* Available data *
----
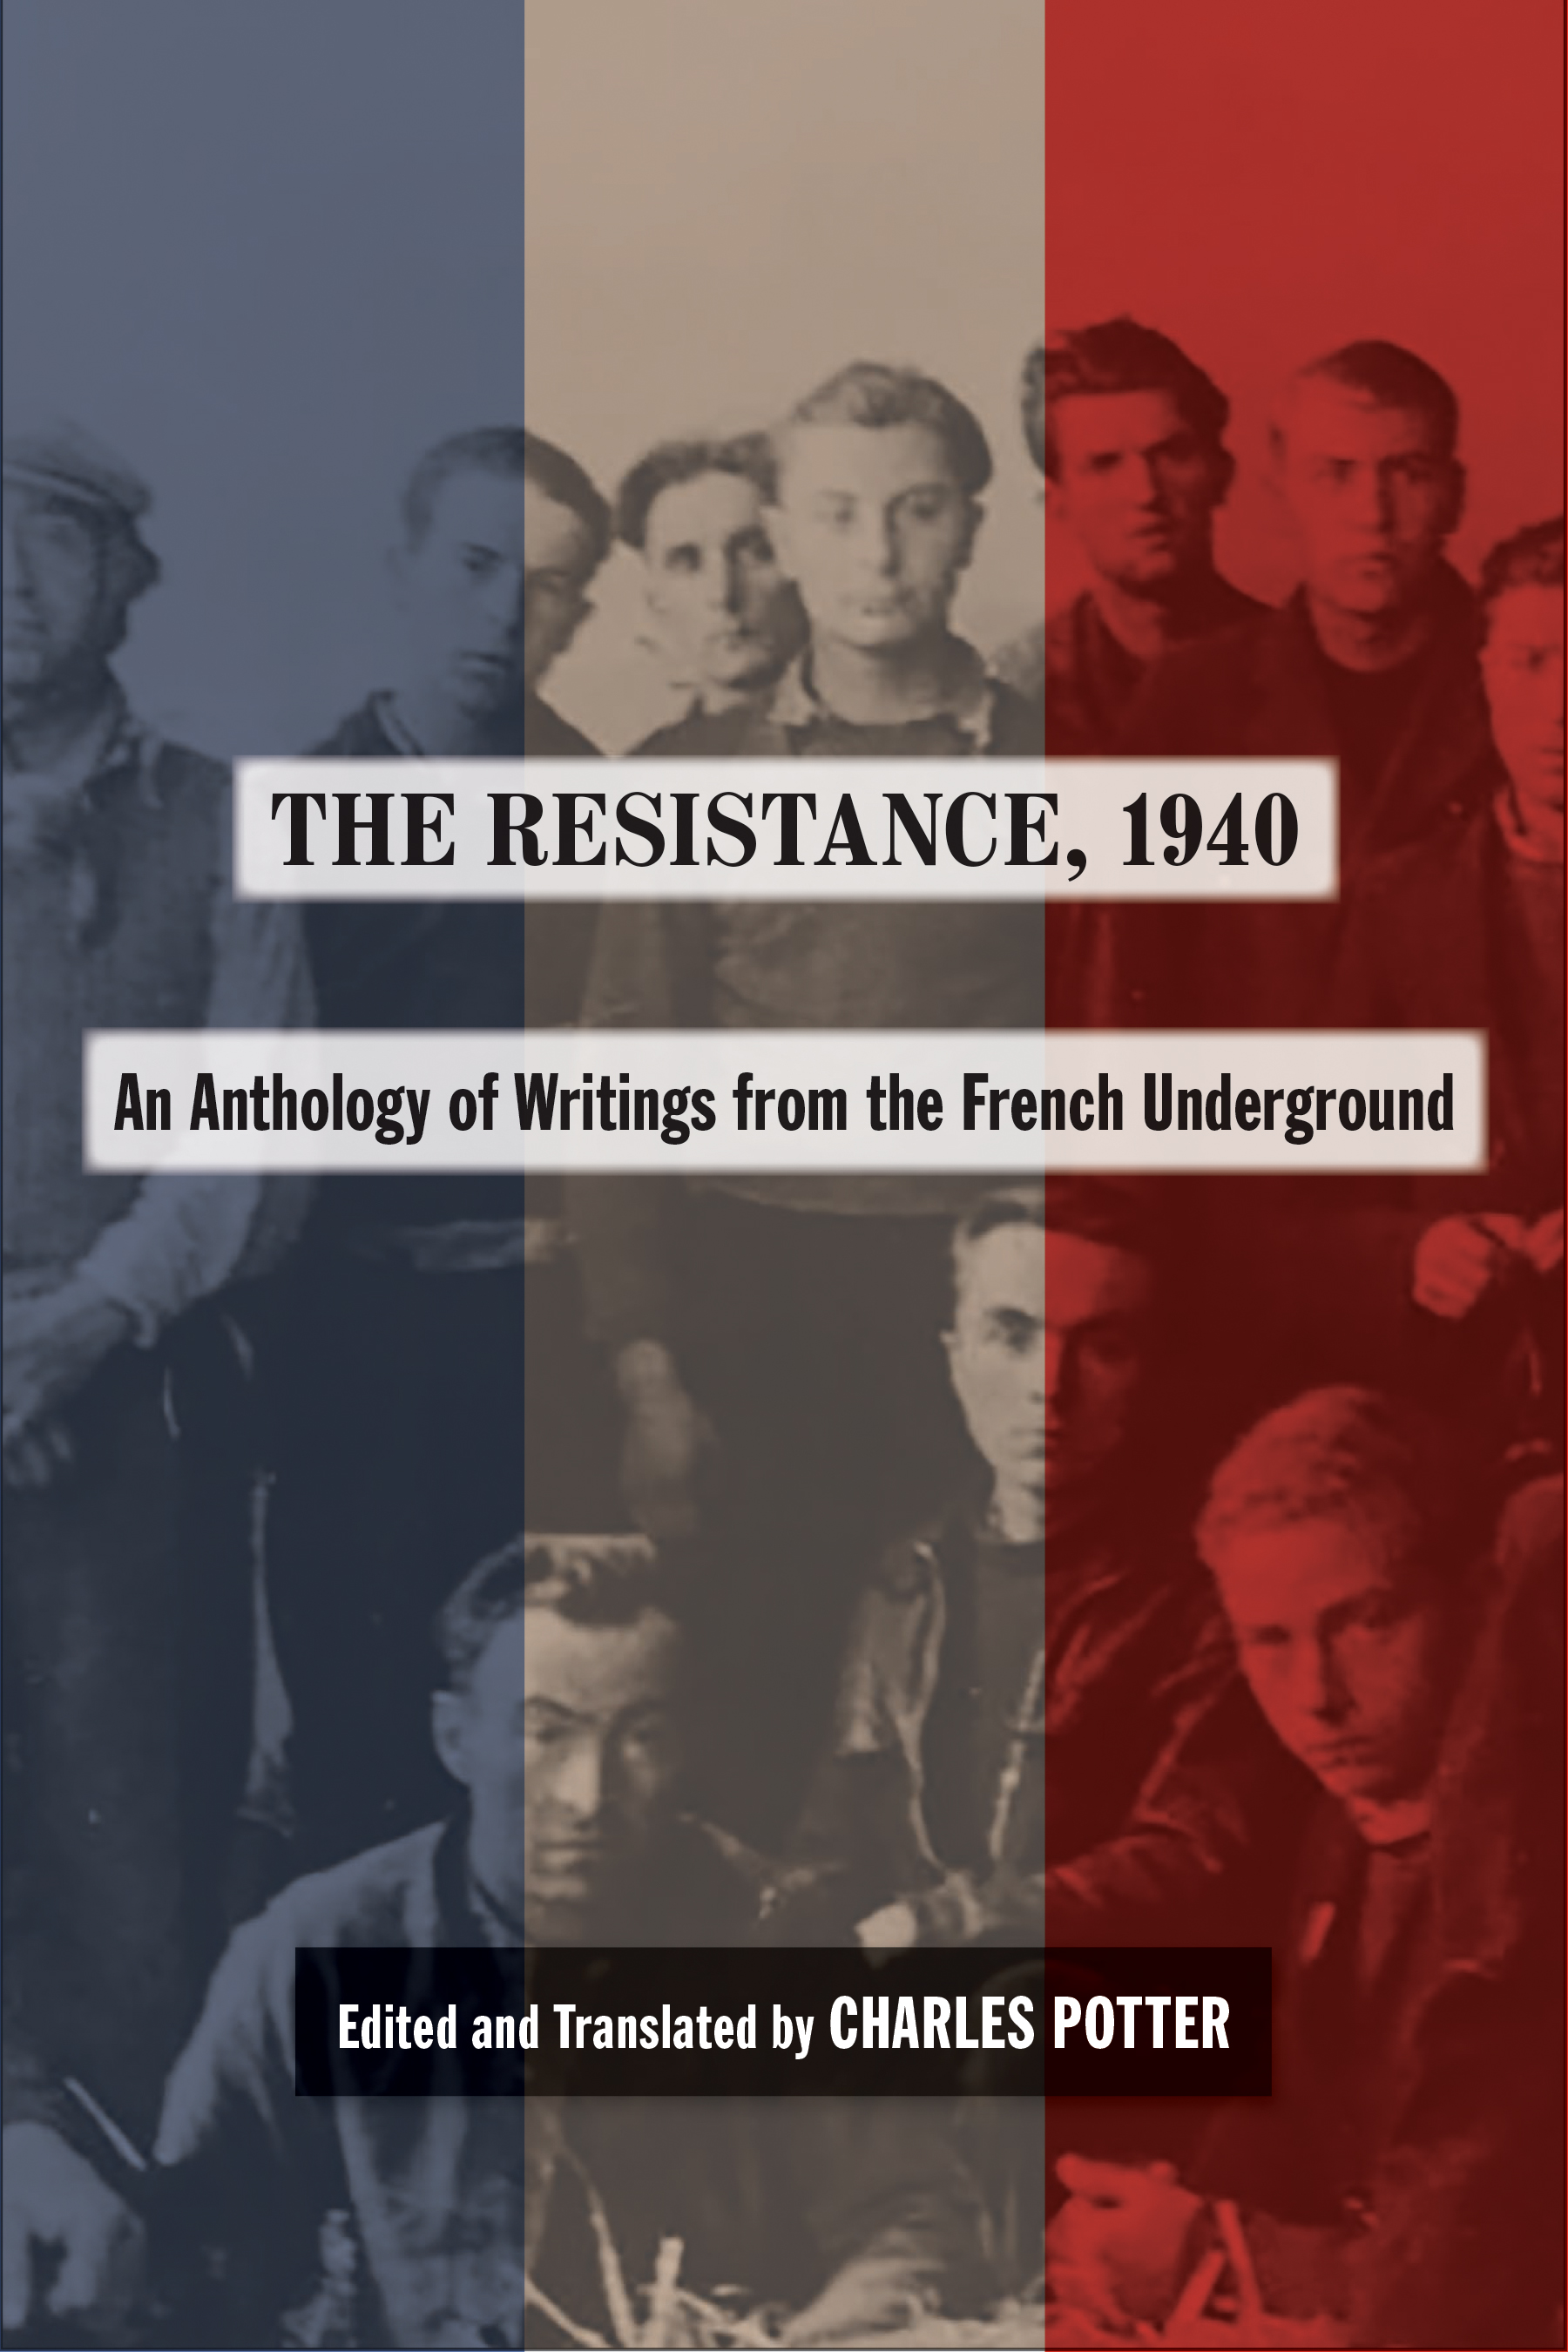 [The French Resistance] 
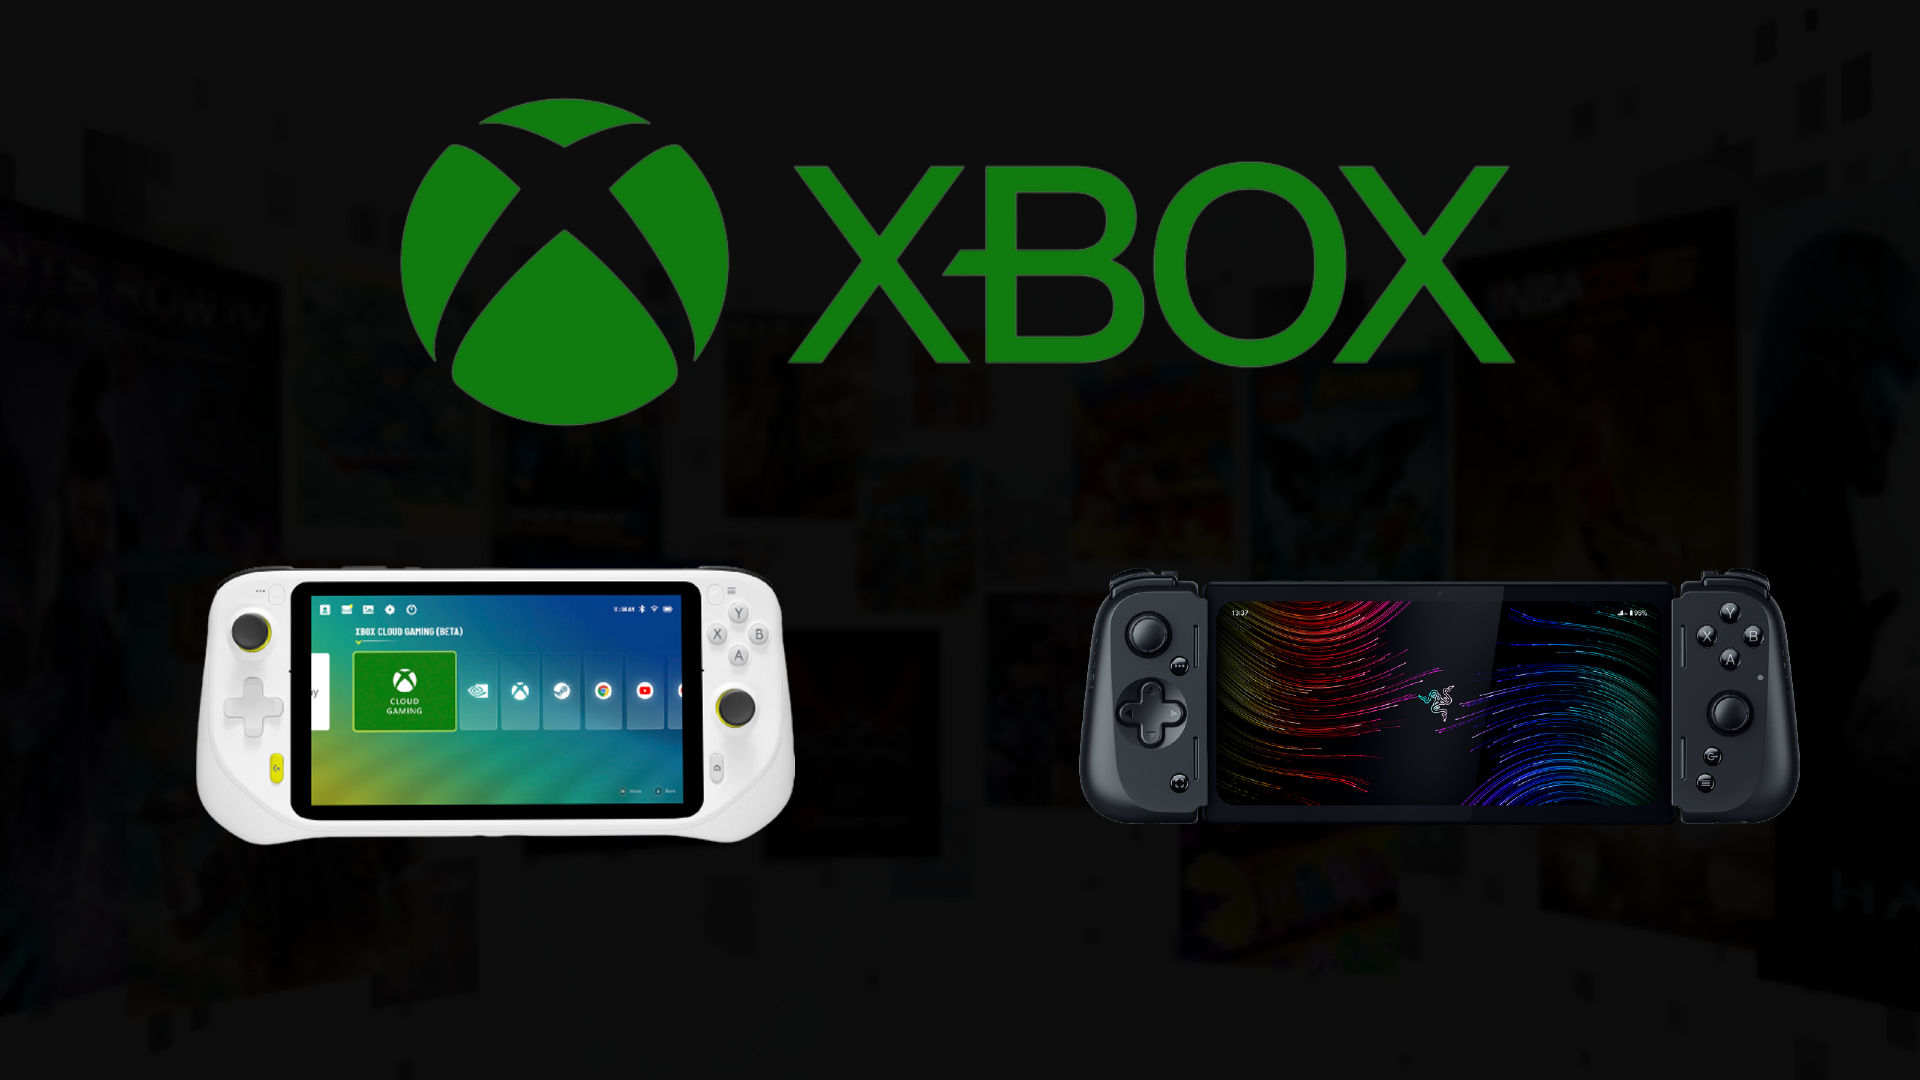 The Xbox logo positioned above the Logitech G Cloud and Razer Edge handheld consoles.
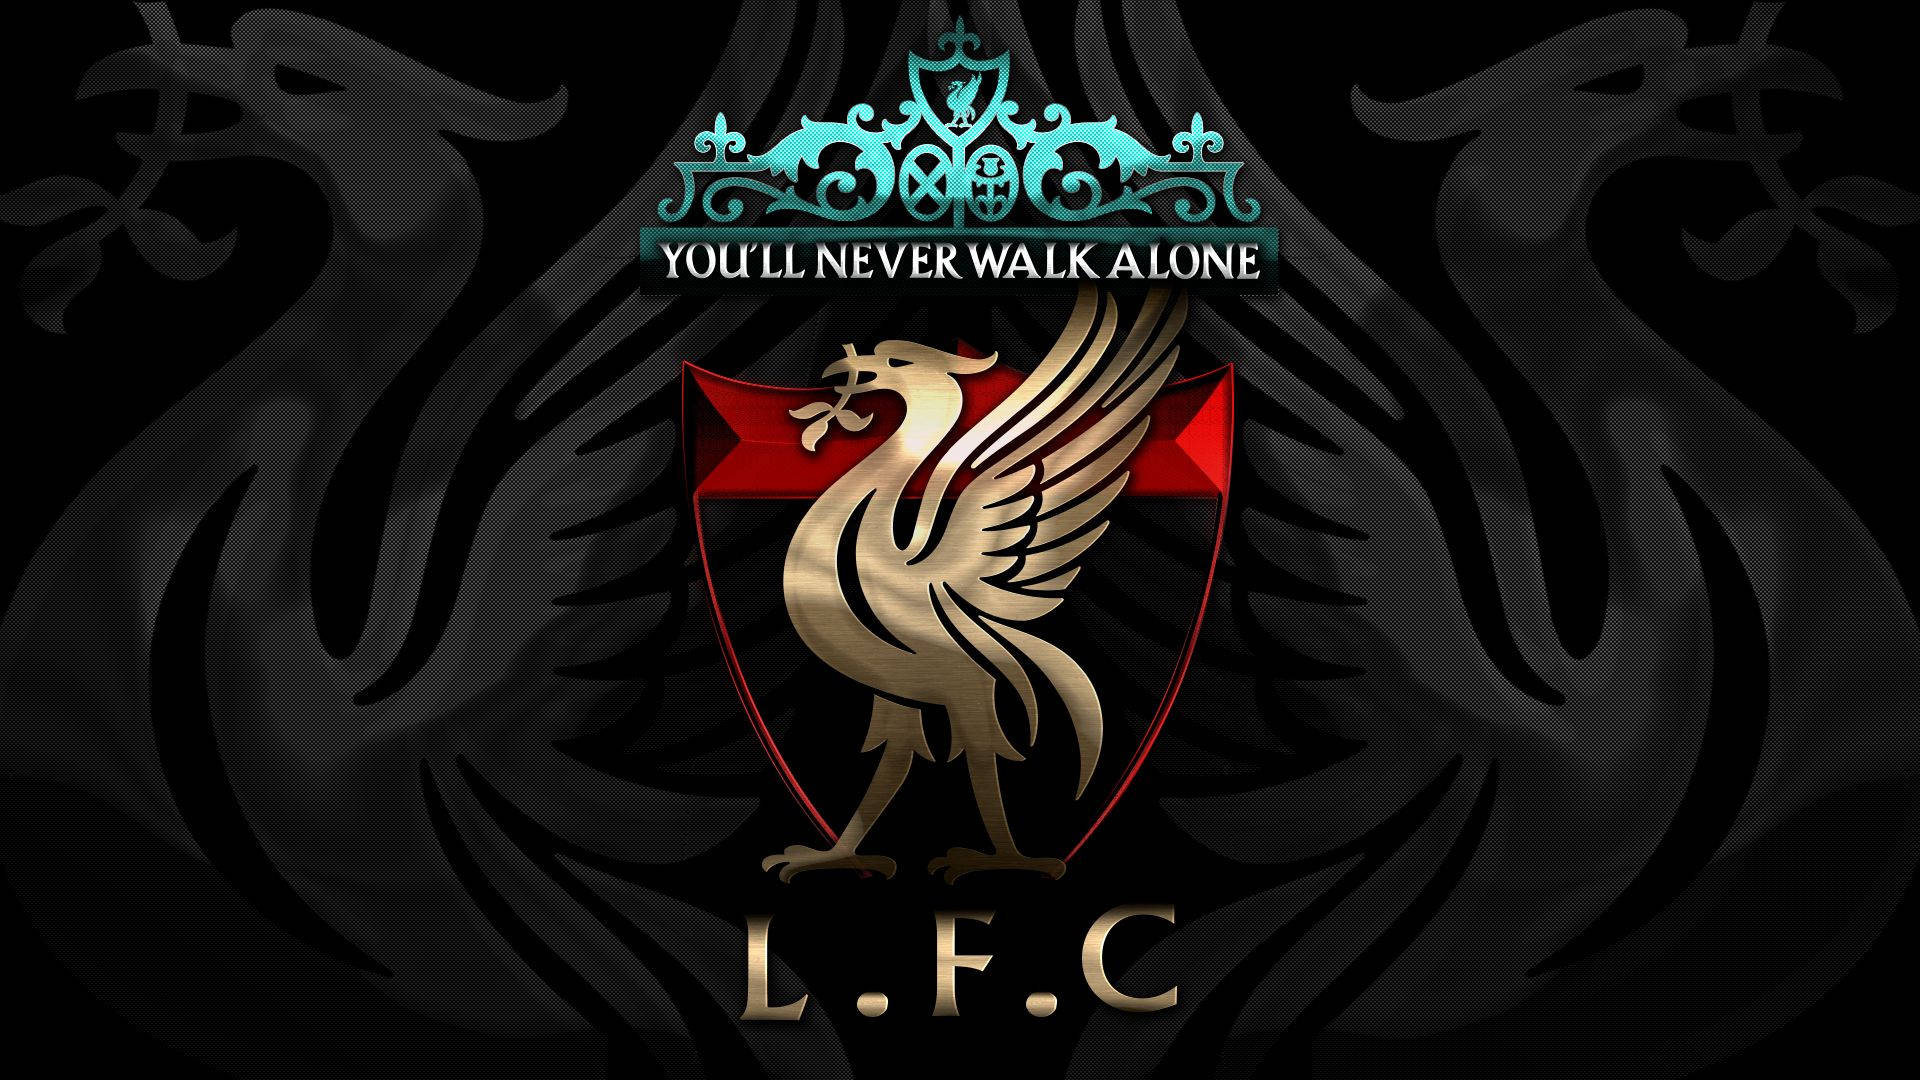 Best Liverpool FC Wallpaper engine Live Wallpapers - YouTube
----
* Task objective *
To complete the exercise, return the listing above exactly and omit its pictures.

* Written response *
 [The French Resistance] 
 The Xbox logo positioned above the Logitech G Cloud and Razer Edge handheld consoles.
 Best Liverpool FC Wallpaper engine Live Wallpapers - YouTube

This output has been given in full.